D’où une floraison de Hussein plus invraisemblables les uns que les autres : des Juifs, des catholiques, des Hispaniques, des Asiatiques ou des Italo-Américains. On trouve ainsi un Jaime Hussein Alvarez (de Washington) et un Kelly Hussein Crowley (de Columbus, dans l’Ohio).
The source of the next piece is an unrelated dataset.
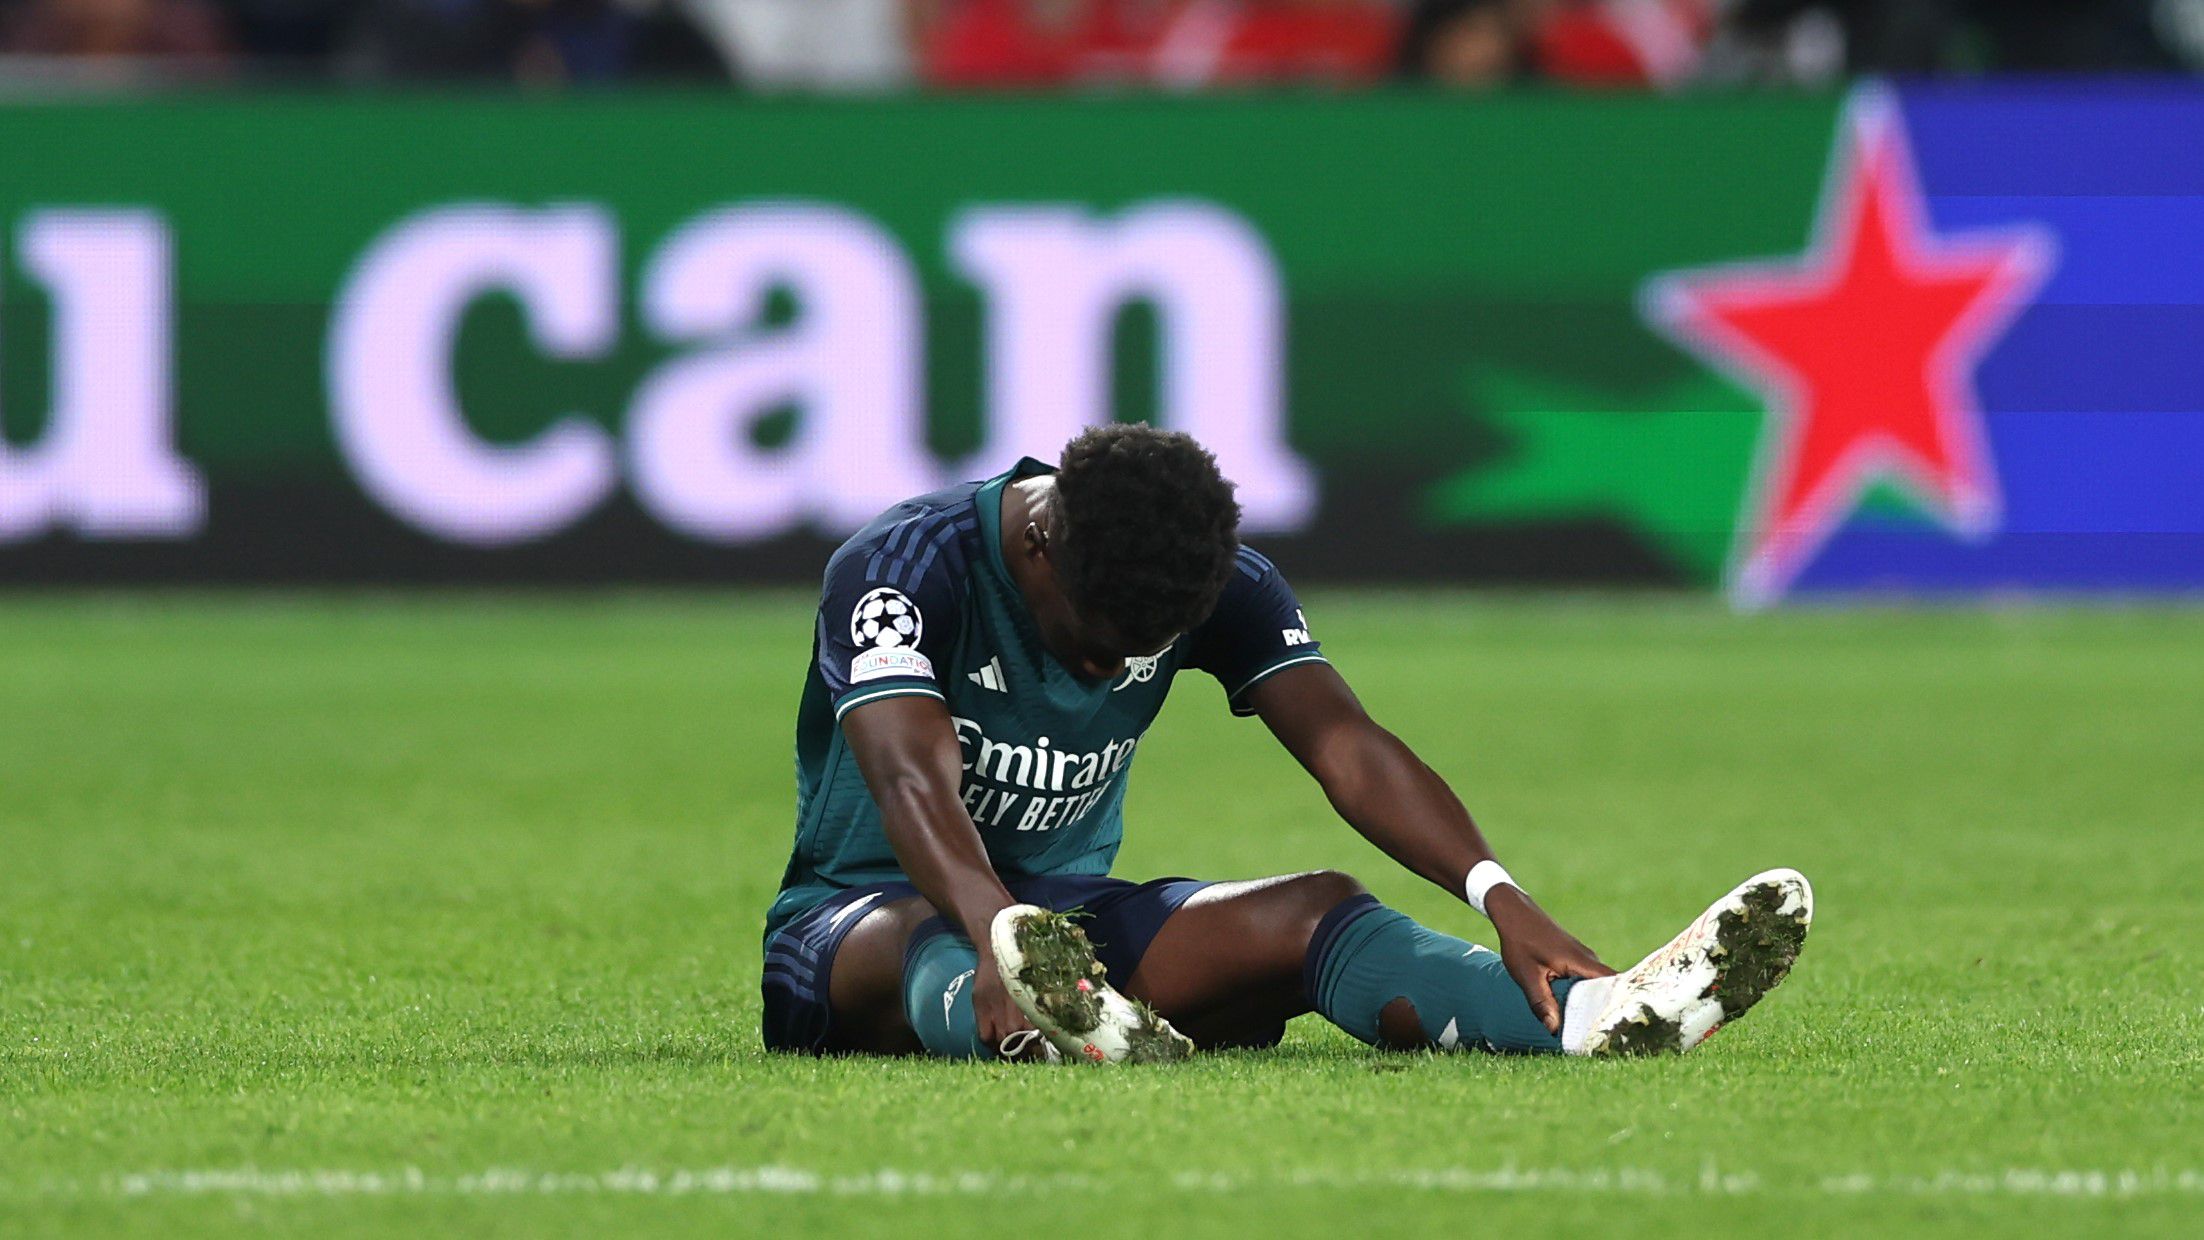 Fájdalmas pillanat az Arsenal számára: Bukayo Saka sérülés miatt kért cserét a Lens ellen – hétvégén a Manchester City vár Mikel Arteta együttesére

Jeff Strabone, de Brooklyn, signe maintenant ses reçus de cartes de crédit avec son nouveau deuxième prénom, tandis que Dan O’Maley, de Washington, a modifié son adresse e-mail afin que son nom y apparaisse sous la forme “D. Hussein O’Maley”. Alex Enderle a fait le changement en ligne avec plusieurs autres partisans d’Obama de Columbus, si bien qu’aujourd’hui, quand ils le saluent, certains de ses amis l’appellent par son nouveau prénom.

Obama est chrétien, et non musulman. Hussein est un nom de famille qu’il a hérité de son père kényan, né musulman et mort athée, et que le candidat démocrate a à peine connu. Mais ce nom est devenu lourd à porter sur le plan politique. Certains des détracteurs d’Obama y reviennent sans cesse, tandis que d’autres, sur des blogs ou dans des courriels, affirment à tort qu’Obama est musulman, allant même parfois jusqu’à dire qu’il est terroriste.

“J’en ai assez que les républicains prononcent le second prénom d’Obama comme si c’était un mot injurieux”, écrit Jeff Strabone dans un manifeste intitulé Nous sommes tous des Hussein, qu’il a publié sur son propre blog et sur le site dailykos.com. A l’image des habitants de Billings, dans le Montana, qui avaient réagi à une série d’agressions antisémites en arborant des ménoras [chandelier à sept branches] sur leurs fenêtres, les partisans d’Obama se servent du second prénom de leur champion comme d’un étendard.

Ce phénomène est cependant loin d’être un mouvement de masse et est essentiellement visible sur Internet. Légalement, changer de nom reste une démarche trop compliquée, expliquent les militants, qui se contentent de se rebaptiser “Hussein” sur Facebook, sur les blogs ou dans les commentaires qu’ils publient sur des sites Internet comme NYtimes.com, dailykos.com et mybarackobama.com, le site officiel de campagne du candidat. Les nouveaux Hussein ont commencé à faire leur apparition à l’automne dernier et, depuis, le phénomène n’a cessé de prendre de l’ampleur. Dans plusieurs entretiens, des partisans d’Obama affirment avoir eu cette idée tout seuls, en dehors de toute influence de l’équipe de campagne et sans savoir que d’autres avaient eu la même inspiration qu’eux. “C’est le genre d’initiative qui prend tout de suite parce beaucoup de gens en ont l’idée en même temps”, explique Stephanie Miller, une artiste marquée à gauche.

Pour sa part, Obama semble accueillir plutôt favorablement cette initiative. Il y a quelques semaines, à Chicago, le sénateur de l’Illinois a souri en voyant Richard Fizdale, l’un de ses plus anciens soutiens financiers, arborer le prénom “Hussein” sur sa veste. “L’idée, c’est que nous sommes tous des Hussein”, a alors déclaré Obama à la foule pour expliquer le geste de Richard Fizdale.